THE MODEL ESTIMATION DID NOT TERMINATE NORMALLY DUE TO AN ERROR IN THE COMPUTATION. CHANGE YOUR MODEL AND/OR STARTING VALUES.
Are you sure you want ib WITH sb@0? Growth factor are likely to be correlated within a process. You may want to try with all 4 across-process WITH statements @0. Or, have all 6 WITHs free. You may also want to analyze the binary part by itself to see if you need a free sb variance.
I am using 2-part data with log transformation in a growth model. For the plot of observed and estimated means, I was wondering if there is a way to get the geometric mean instead of the arithmetic mean for the observed values?
Dear Dr. Muthen, Do you have an example how to fit a two-part model using long format data? I know how to do that using wide format data, but for my current case, I have to use long format data. Otherwise, I have to create 70 more variables with missing values for everyone using wide format data. Thank you so much,
I have a quick question about how intensive a potential model might be for MPlus to handle.
I'm doing an autoregressive latent panel model. One set of factors at 2 time points is continuous. The other set is zero inflated with non-integers, so two-part modeling will be necessary.
All of this data is complex survey, so weights need to be applied, and I'm also going to need to estimate the model in a multilevel framework. This is because I want to see if a level 2 variable moderates the cross-lagged effects at level 1.

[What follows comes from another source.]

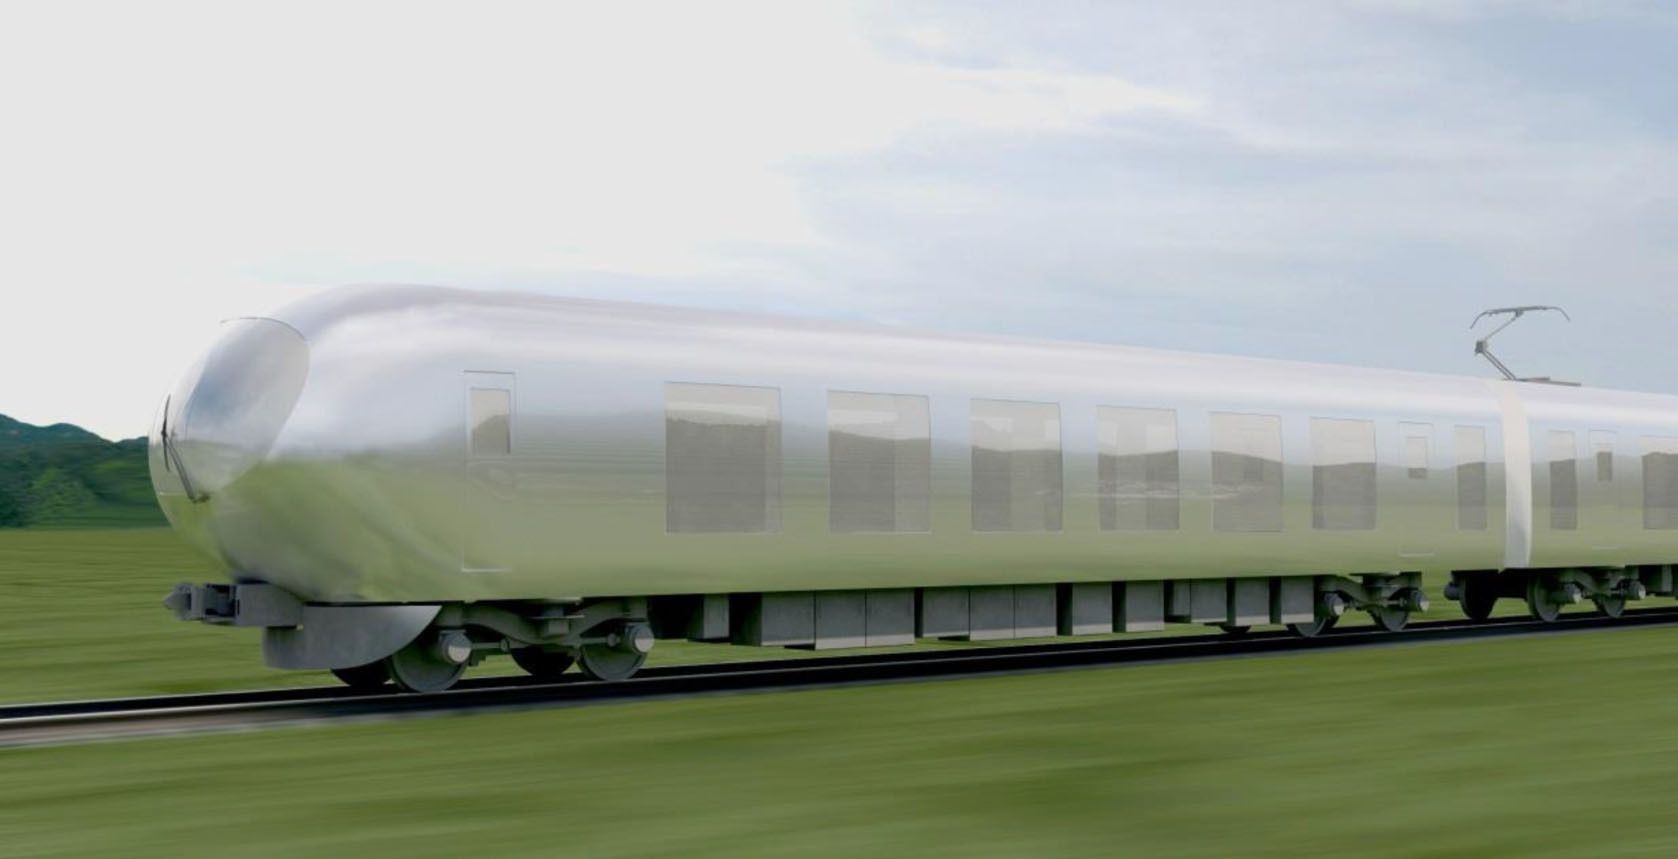 Le Japon aura bientôt des trains invisibles #2

Before I go down the rabbit hole I want to make sure I'm not at a threshold of MPlus capability, so is this going to be maxing out the capabilities of MPlus?
anonymous Z posted on Friday, February 05, 2016 - 12:28 pm
I am fitting a two-part model. For Part 1 (the binary part), the variance of the linear slope was not significant. However, when I added treatment condition as one covariate, it showed that the treatment was a significant predictor of the linear slope for the binary part. Does this sound right to you? Can a covariate have significant effects on a parameter estimate without significant variance?
Yes, this is a common finding. Perhaps due to higher power when the covariate is included.
anonymous Z posted on Friday, February 05, 2016 - 8:55 pm
Thanks for your prompt response. So did you mean that I can explain the results as that the treatment has effects on the slope growth factor for the binary part even though the variance is not significant?
i want to run a two part model. I have used exactly the code from example 6.16. But I get the message: “Categorical variable BIN1 contains less than 2 categories.”
Other Questions are: - at which point (place in the code) do I implement the other variables (not only the count variable(s)) from the model? - at which point (place in the code) do I implement the actual model code?
Kerry Lee posted on Thursday, August 09, 2018 - 2:37 am
Dear Prof Muthen,
I want to use a cut-point of 3 for creating a two-part binary variable. This works fine when the variable is not transformed (i.e., count for the variable tallies with count from SPSS).
However, when I use the DEFINE command to scale the variable (VAR = VAR/1.5), adjusting the cut-point does not have any effect. The output under "COUNTS FOR CATEGORICAL VARIABLES" shows that a value above the cut-point is included.